> _Stored data entries_
*** Begin section ***

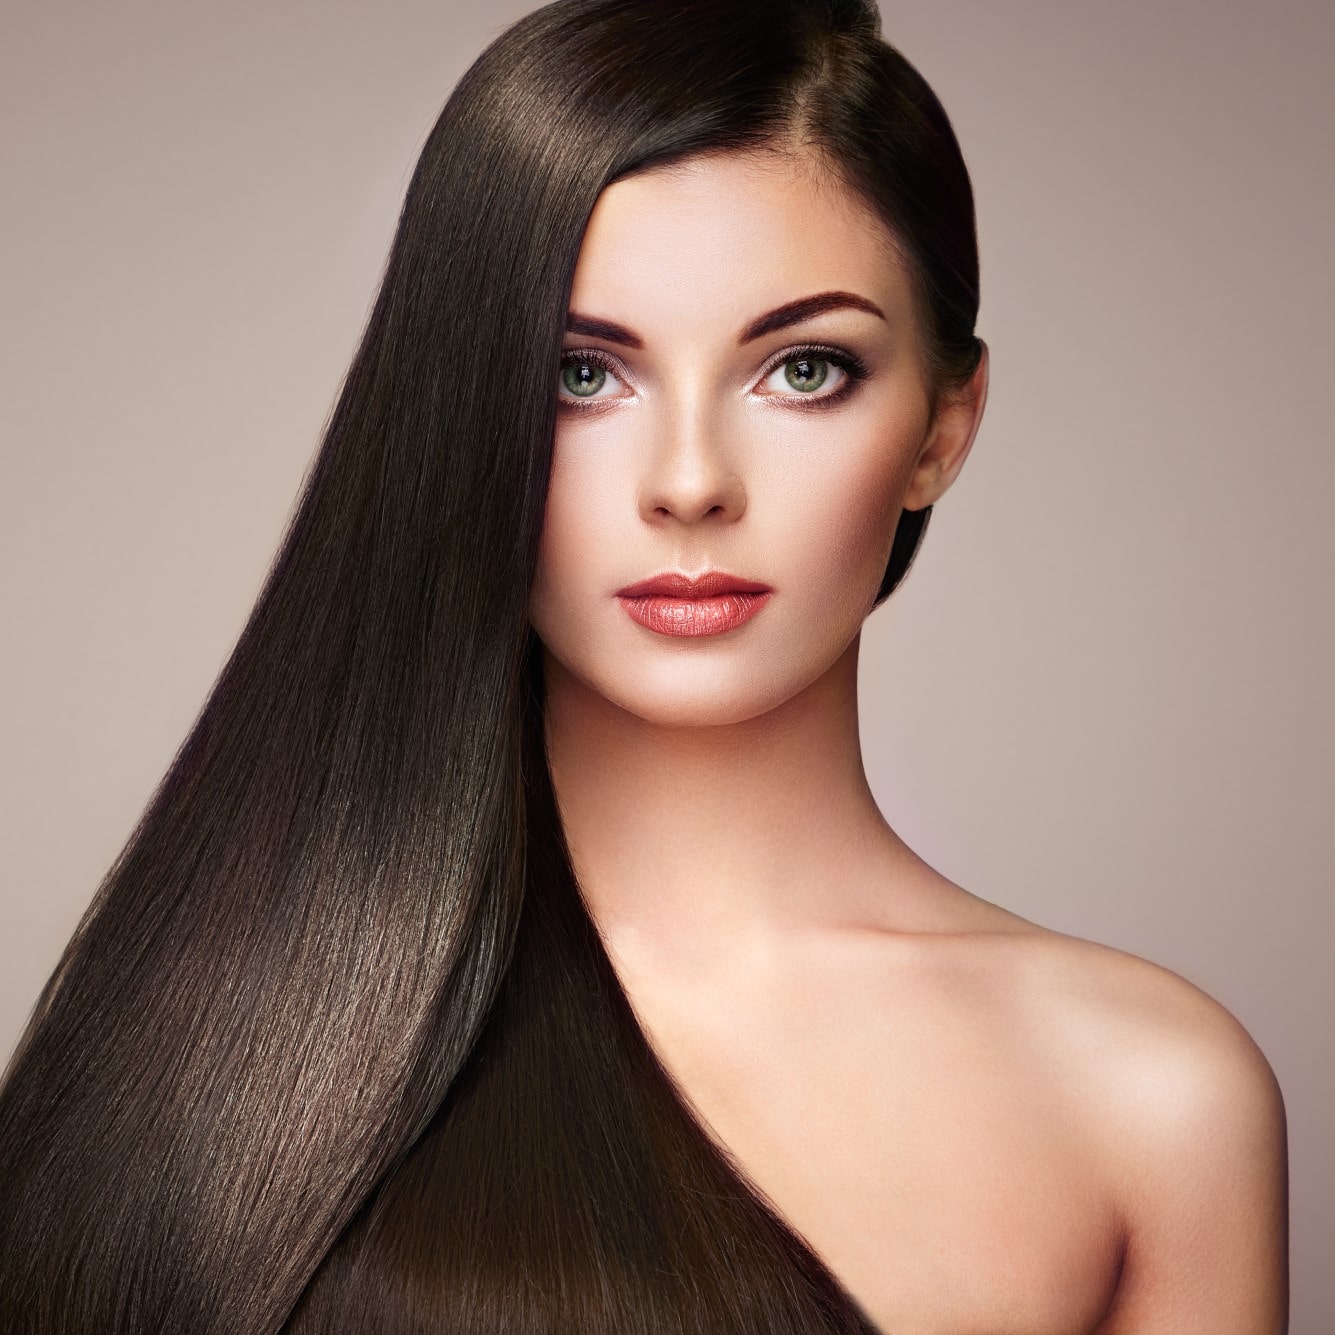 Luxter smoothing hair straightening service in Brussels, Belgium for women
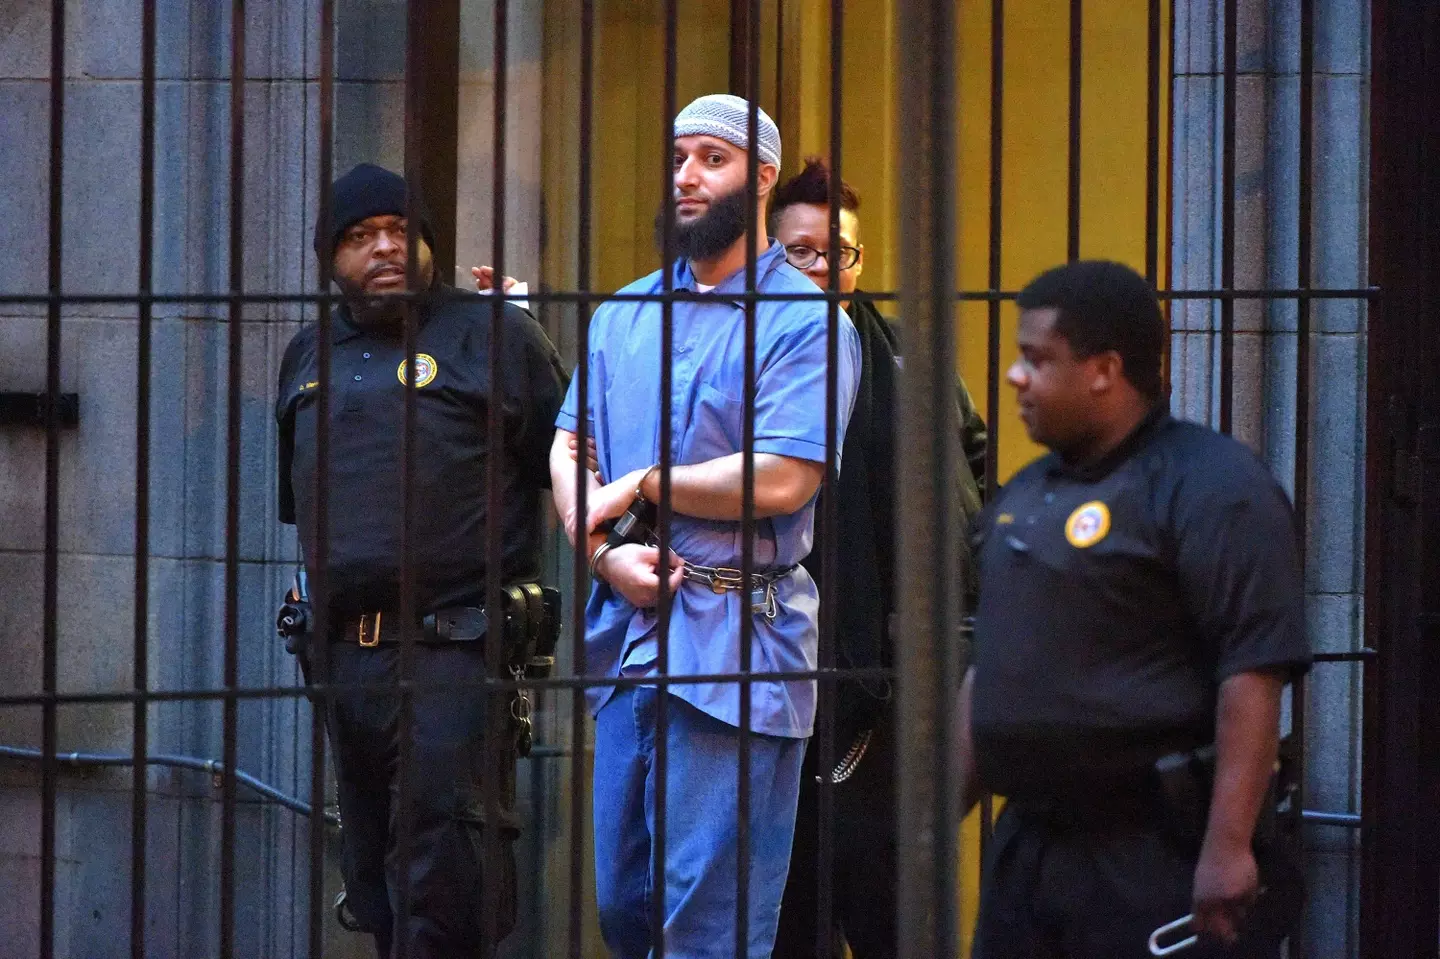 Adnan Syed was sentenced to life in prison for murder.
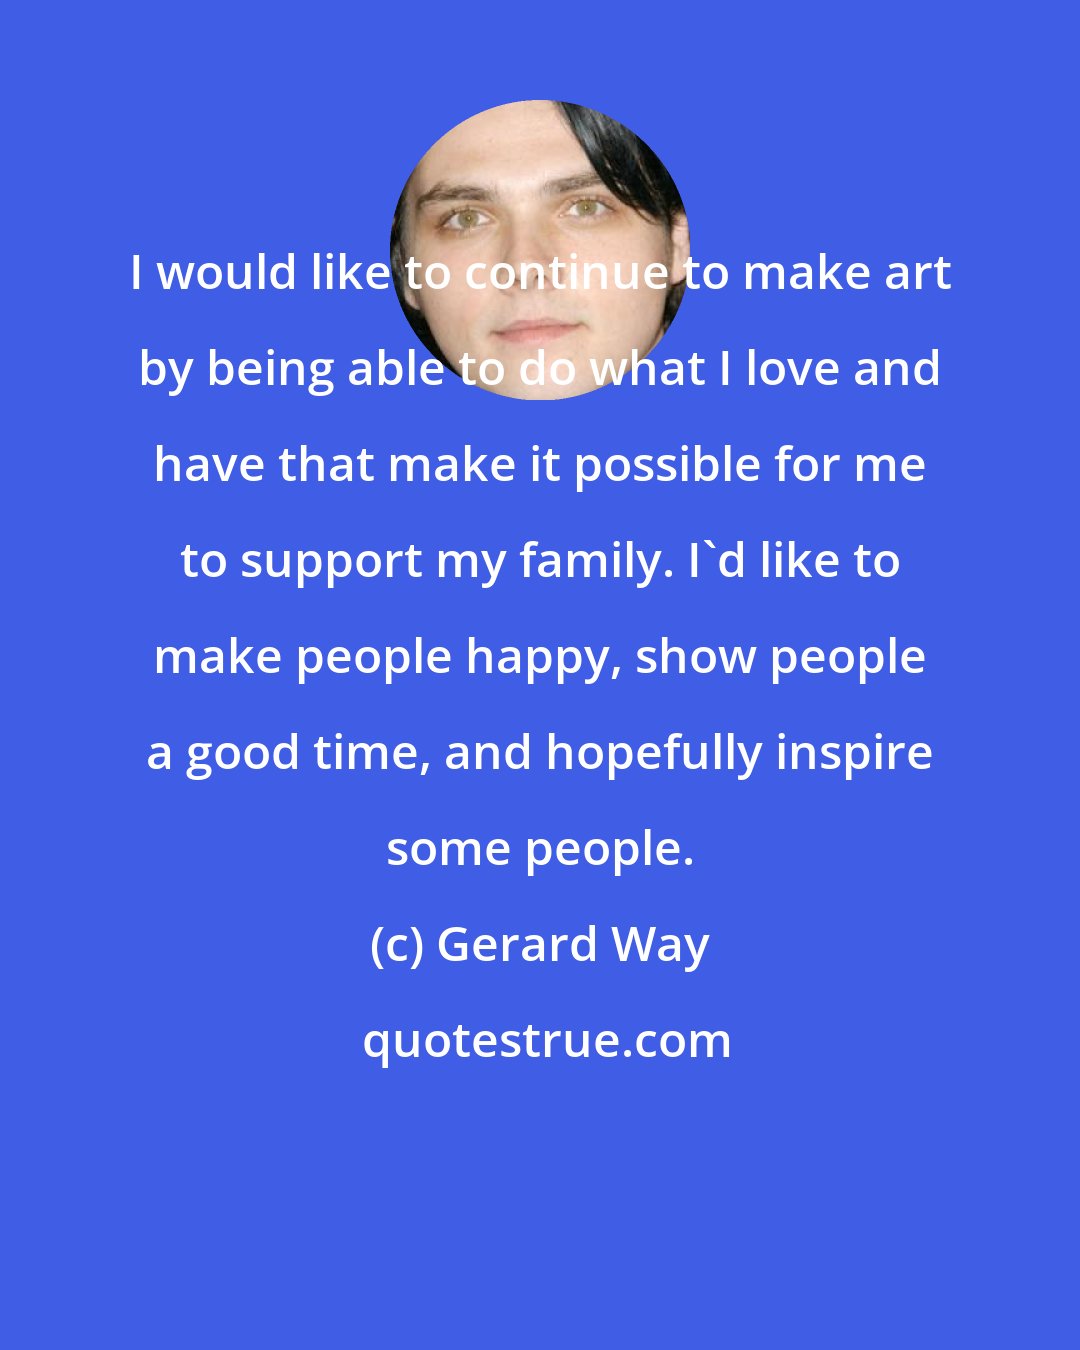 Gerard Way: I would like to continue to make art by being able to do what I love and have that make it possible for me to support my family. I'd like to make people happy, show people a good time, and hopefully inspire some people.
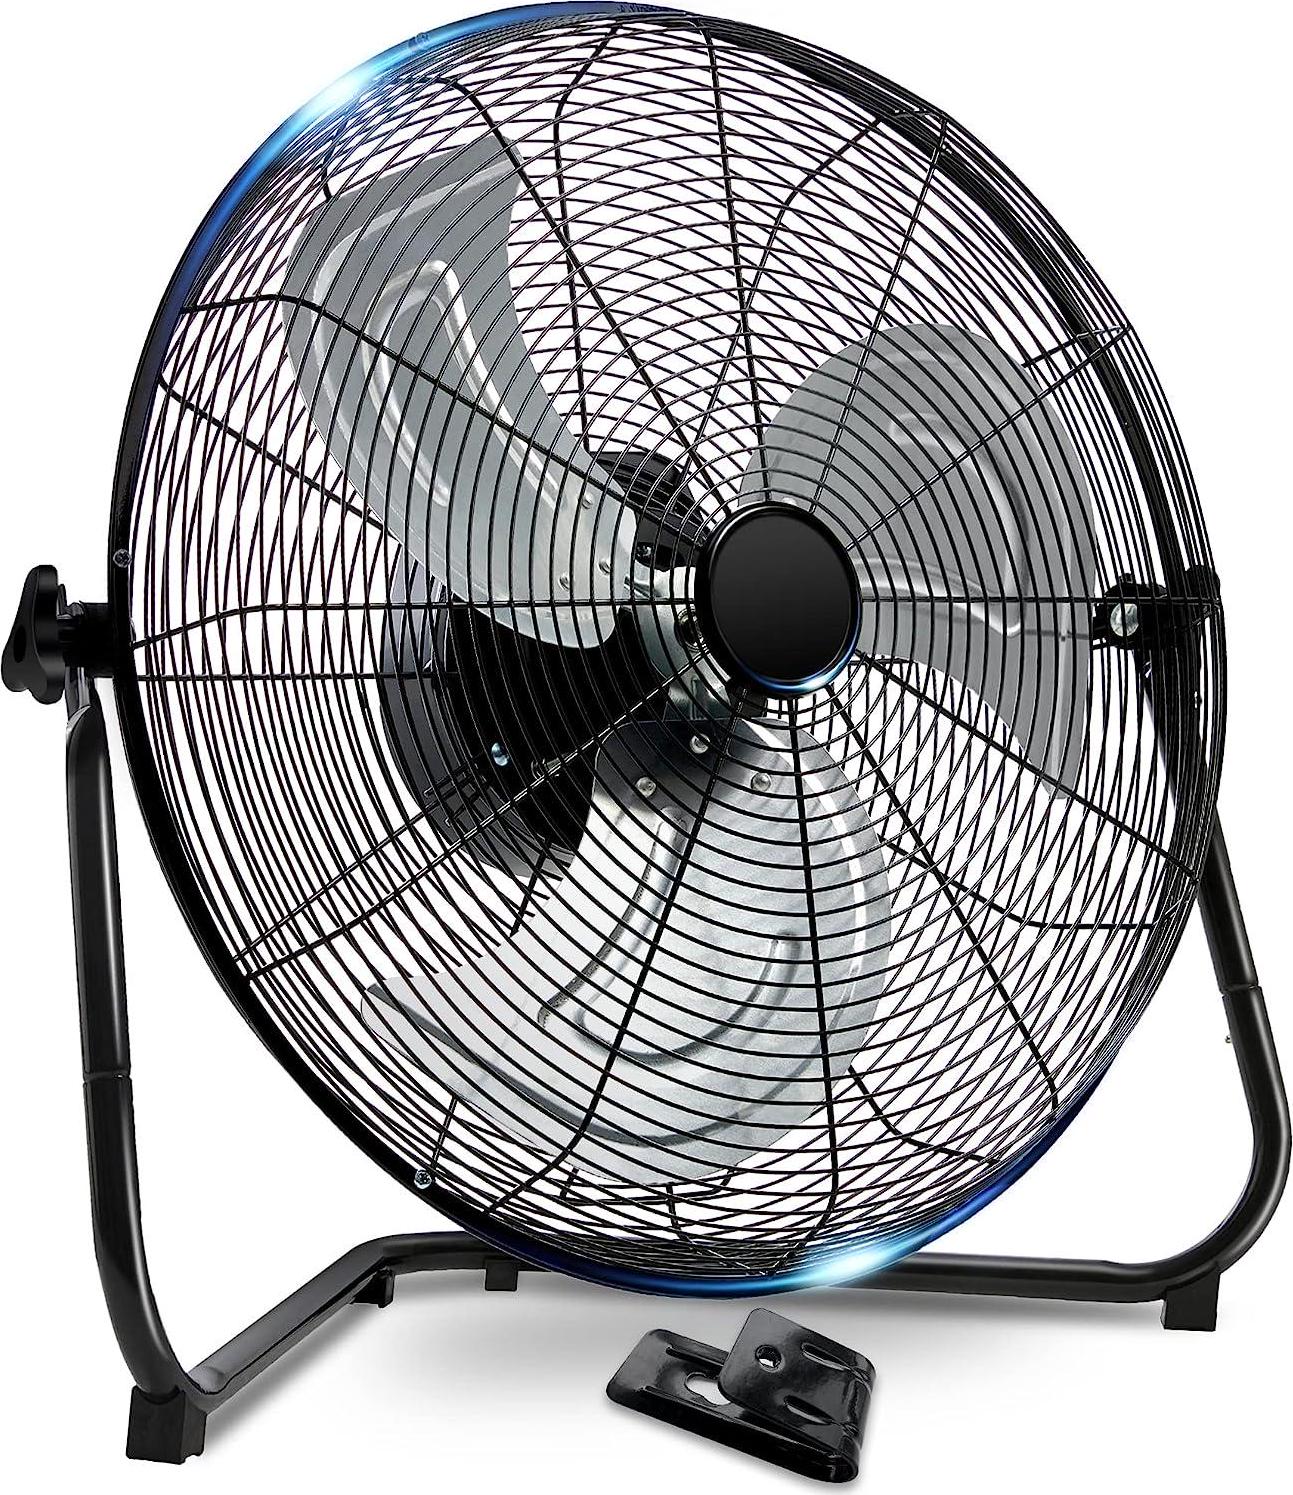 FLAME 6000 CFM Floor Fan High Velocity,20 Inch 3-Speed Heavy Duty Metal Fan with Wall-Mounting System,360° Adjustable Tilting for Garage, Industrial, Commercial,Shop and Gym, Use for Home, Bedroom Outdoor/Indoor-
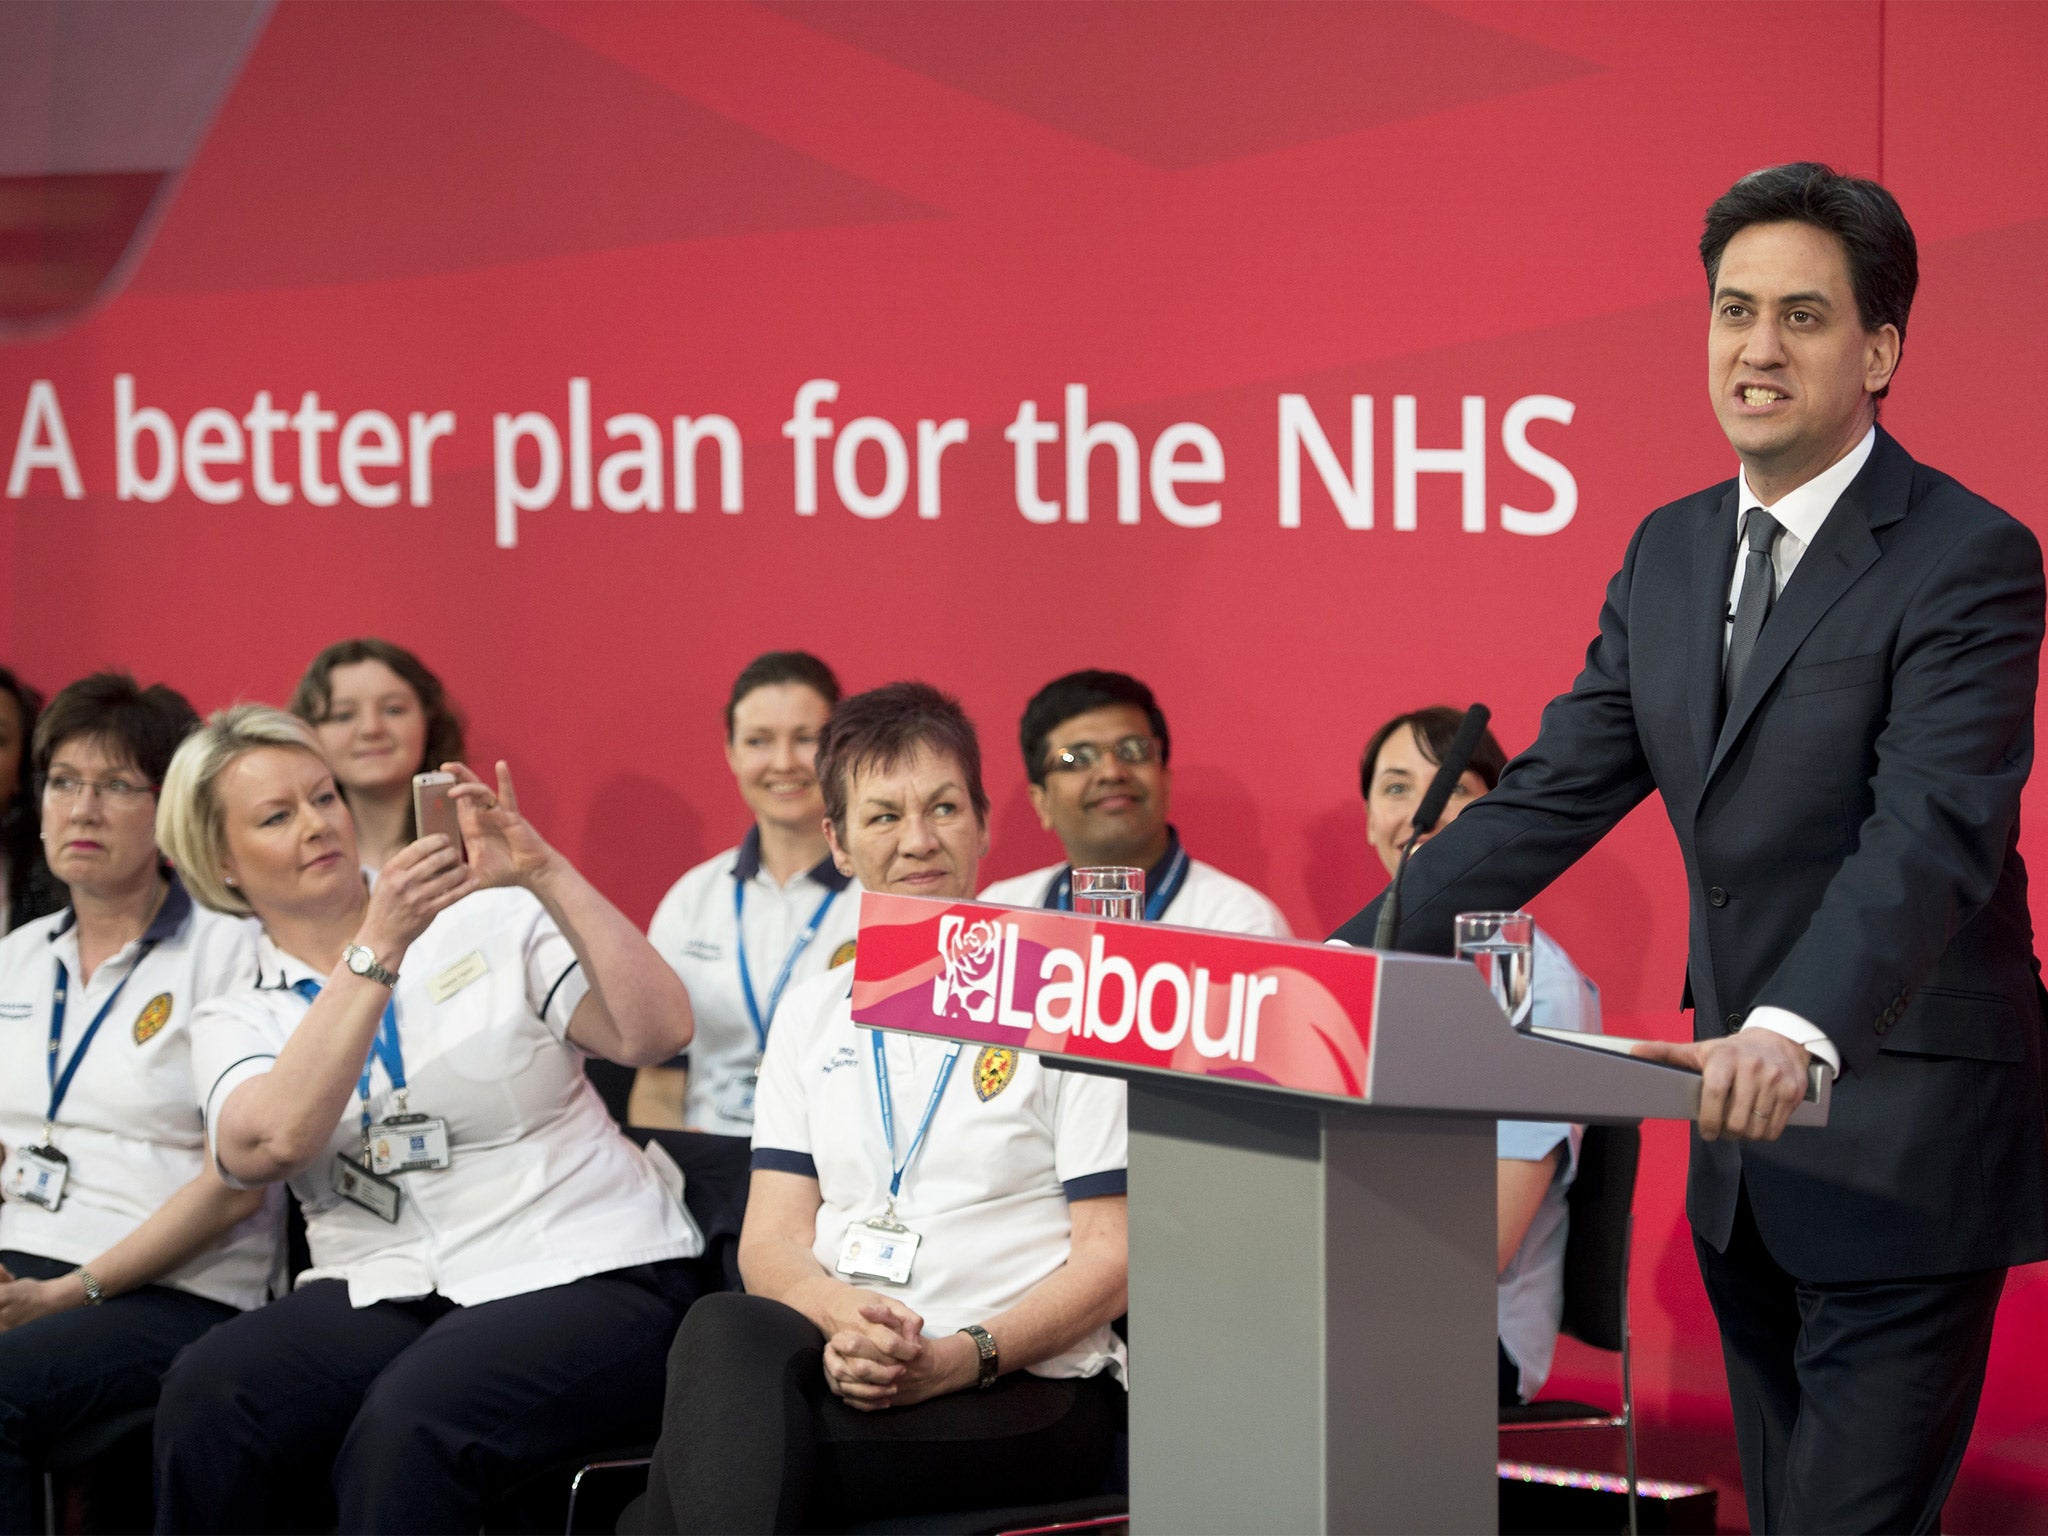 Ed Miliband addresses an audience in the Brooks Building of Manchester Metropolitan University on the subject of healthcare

*** End section ***

Copy out the entries above in full and exactly, skipping every picture.

 Luxter smoothing hair straightening service in Brussels, Belgium for women
 Adnan Syed was sentenced to life in prison for murder.
 Gerard Way: I would like to continue to make art by being able to do what I love and have that make it possible for me to support my family. I'd like to make people happy, show people a good time, and hopefully inspire some people.
 FLAME 6000 CFM Floor Fan High Velocity,20 Inch 3-Speed Heavy Duty Metal Fan with Wall-Mounting System,360° Adjustable Tilting for Garage, Industrial, Commercial,Shop and Gym, Use for Home, Bedroom Outdoor/Indoor-
 Ed Miliband addresses an audience in the Brooks Building of Manchester Metropolitan University on the subject of healthcare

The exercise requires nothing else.